AUTHORIZATION FOR TREATMENT, PAYMENT & HEALTHCARE OPERATIONS Logo
  • AUTHORIZATION FOR TREATMENT, PAYMENT & HEALTHCARE OPERATIONS

  • I hereby authorize The Center for Psychology to provide mental health care. I authorize The Center for Psychology to release to my insurance company, managed care organizations, state agency/agencies, Health Care Financing Administration, Third Party Administration, and/or Workers' Compensation or its agents any information needed to process my claims and/or determine benefits payable for related services.

  • If I am entitled to mental health benefits arising out of any insurance policy or from any person or organization who is or may become liable to me to provide such benefits, I hereby assign and authorize payment of such benefits for mental health services to which I am entitled to The Center for Psychology for services rendered to me. 
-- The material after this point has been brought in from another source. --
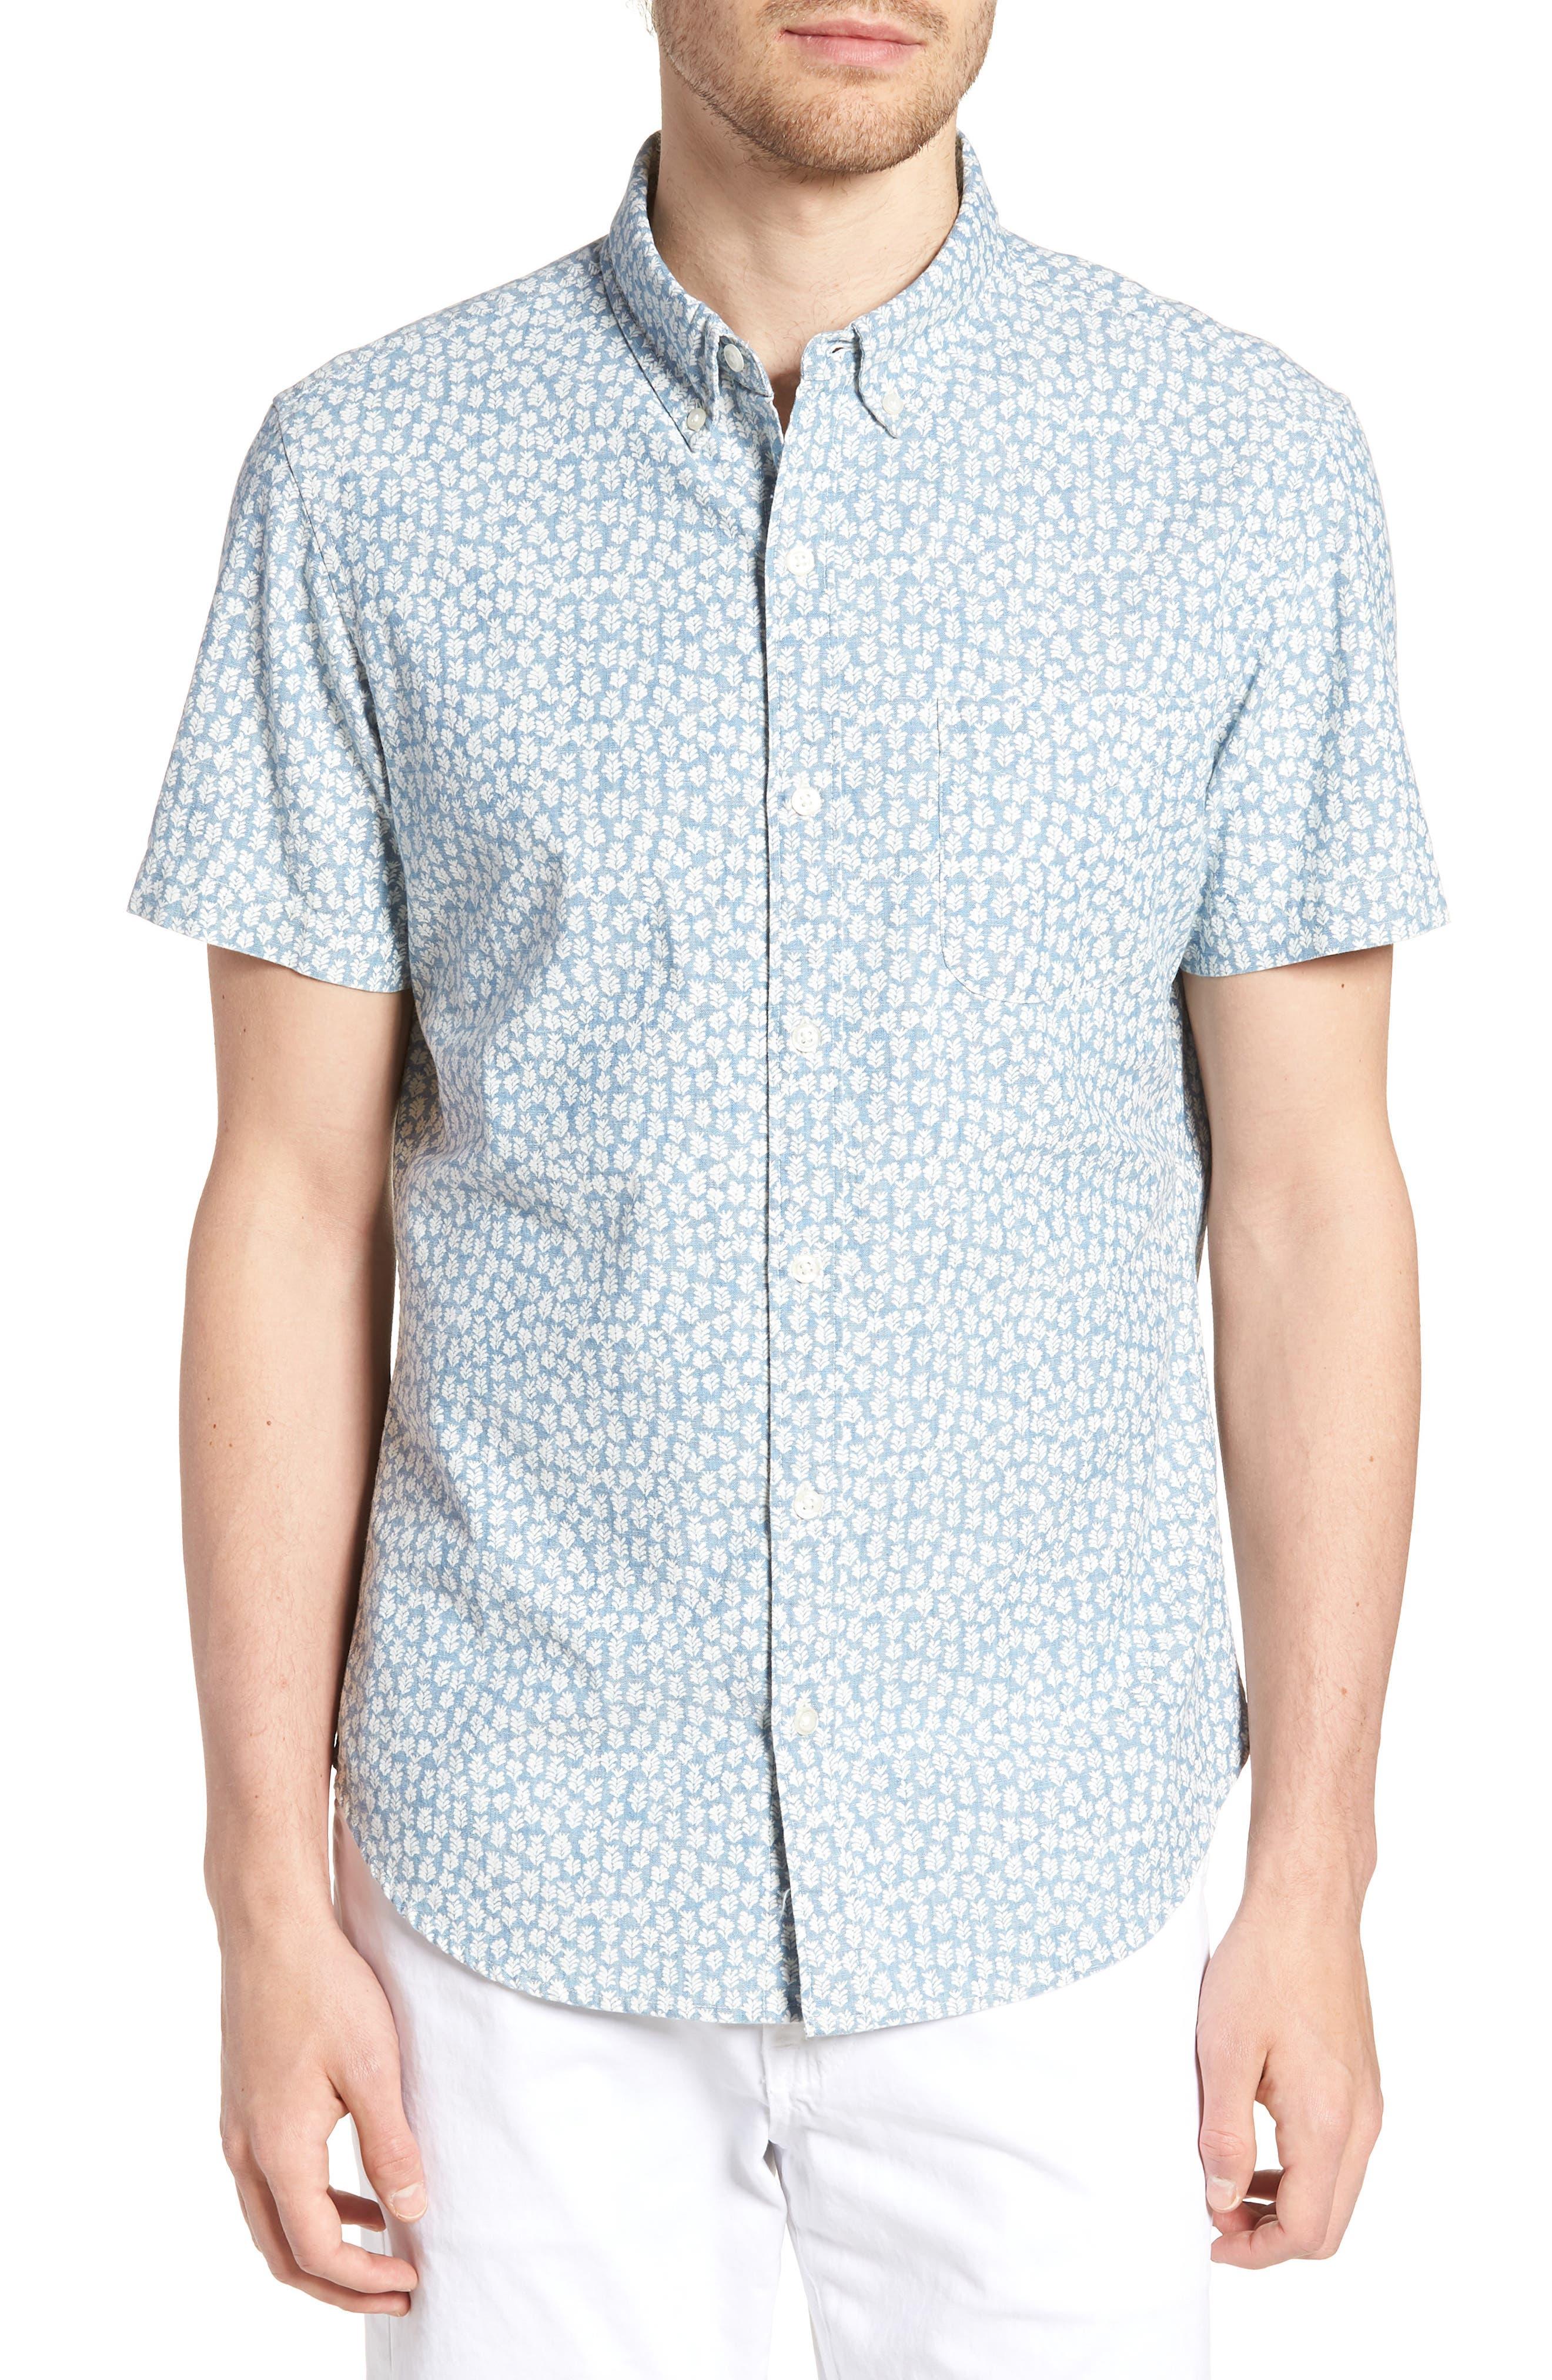 BONOBOS,                             Riviera Slim Fit Leaf Print Sport Shirt,                             Main thumbnail 1, color,                             400

  • If applicable, I request that payment of Medicare benefits for mental health services be made on my behalf and assign them to The Center for Psychology and authorize submission of the necessary claims for payment. I authorize any holder of medical, mental health, and/or any financial information about me to release to the Health Care Finacing Administration, or Medicare intermediaries, or Medicare Carries any information needed for proper reimbursement. 

  • I understand that The Center for Psychology participates and/or has contracted agreements with selected insurance plans/third party payers. I understand that unless otherwise restriced by a contractual agreement with such plans/third party payers, the entirety of the charges incurred that I agree to will be transferred to the guarantor's responsibility as per the EOB or if the payment is not recieved from insurance within 60 days. I understand that I will be bound by any conditions of this agreement regarding guarantor/patient responsible charges. I understand that failure to meet my financial responsibilities in a timely manner may result in my account being turned over to a collection agency. I understand that I am responsible for any collection fees, attorneys' fees, and/or court fees that may be involved.
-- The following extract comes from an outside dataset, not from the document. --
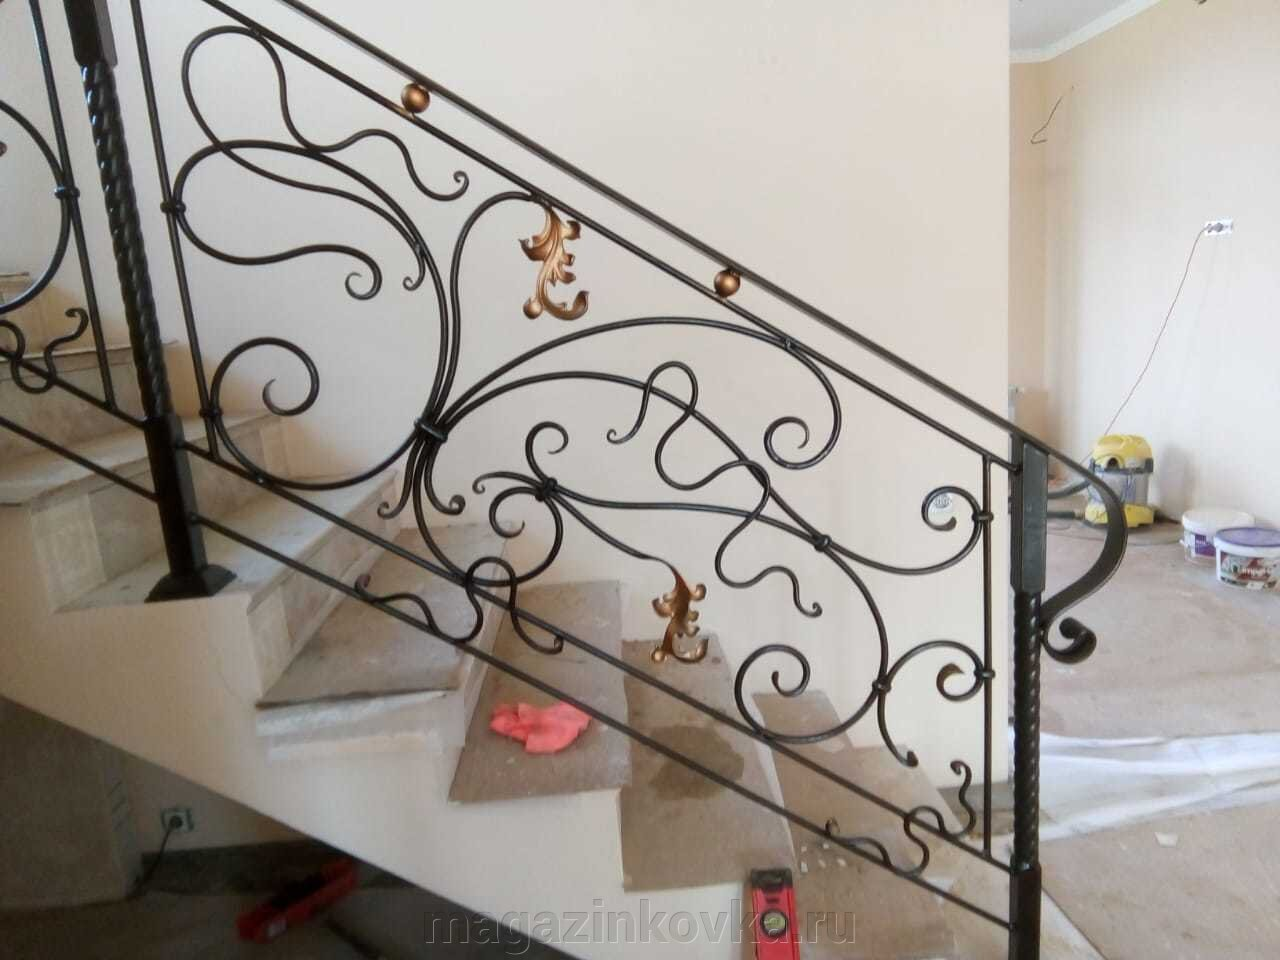 Перила и ограждения для лестниц, балконов, террас - фото pic_12371da7b487e7baa42a0101c246d9f4_1920x9000_1.jpg

  • I agree to maintain a current credit card on file at TCFP and that my credit card can be charged for any outstanding balance as per my insurance EOB for deductible and/or copay or coinsurance and/or missed appointment fee. 

  • I understand that I must provide The Center for Psychology no less than 2 business days notice to cancel an appointment. Example:if your appointment is Monday cancellations must take place Thursday to avoid a $100 fee. Same day appointment cancellations are subject to a charge that shall be billed directly to me, and payment of any missed appointment charge will be my sole responsibility. 

  • I understand that all patient responsible charges are due at the time of service.

  • I agree to the above conditions.